The Phillies bullpen is a known dumpster fire. They are like the Bad News Bears before they got Buttermakers’s niece Amanda and Kelly Leak (all-time movie character). It’s one of the worst bullpens to ever grace the MLB.

Believe it or not, our bullpen ERA was better until be threw Workman in the mix, but hey he stinks too so he’ll fit right in. The recently acquired reliever from Boston didn’t take long to show everyone why Boston dished him.

Ok so we’ve established the bullpen stinks, but I know a guy who can give you that same kind of production for a fraction of the price; Me.

A little background on my baseball career. My first year of kid-pitch I threw one perfect inning. 9 straight strikes. After that I wasn’t put on the mound. It was a shame, and I blame the Texas Rangers of Great Valley Little League for having their bum sons get rocked on Schmidt Field.
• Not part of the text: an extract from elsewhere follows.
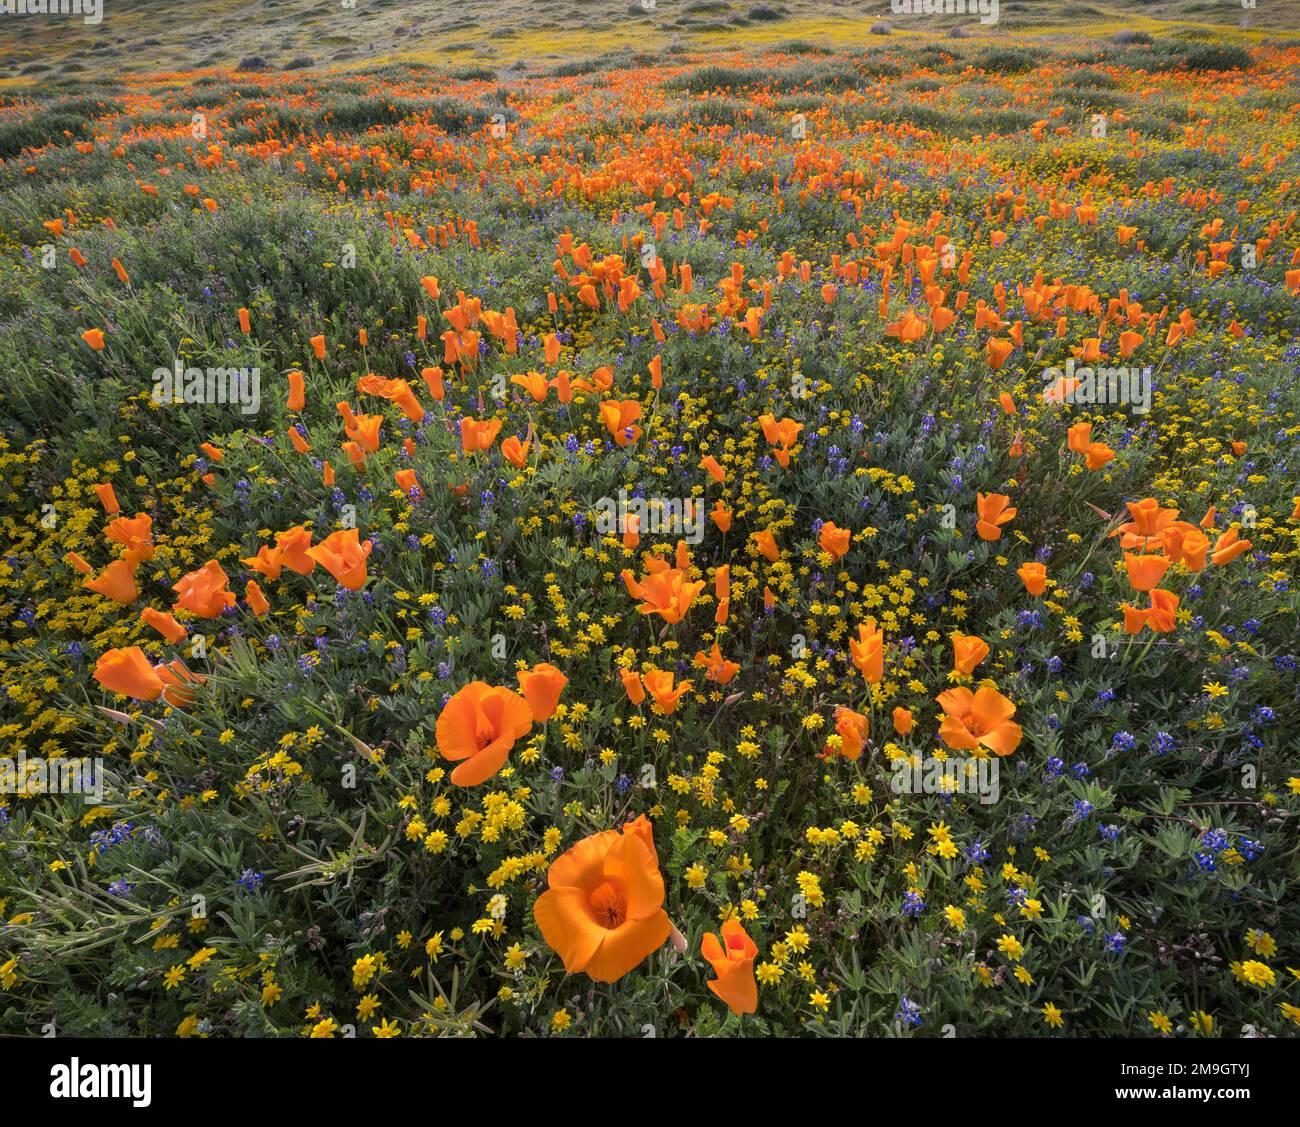 Landschaft mit kalifornischem Mohn (Eschscholzia californica), Antelope Valley California State Poppy Reserve, Kalifornien, USA Stockfoto

After my pitching career I slid over to the hot corner, 3rd base. I was the perfect 5-hitter in the lineup, a real glue guy in the dugout. However, I got thrown out in back-to-back championship games trying to steal 2nd. The same catcher gunned me out. It was a disaster.

Now I have a torn labrum and a torn rotator cuff, so you don’t get me until after my surgery in November. But considering you’ve given guys with equally as bad resumes chances, I thought I’d send my application in as well.

All the best, and looking forward to wearing that Phillies uniform while chewing bubble gum in the bullpen.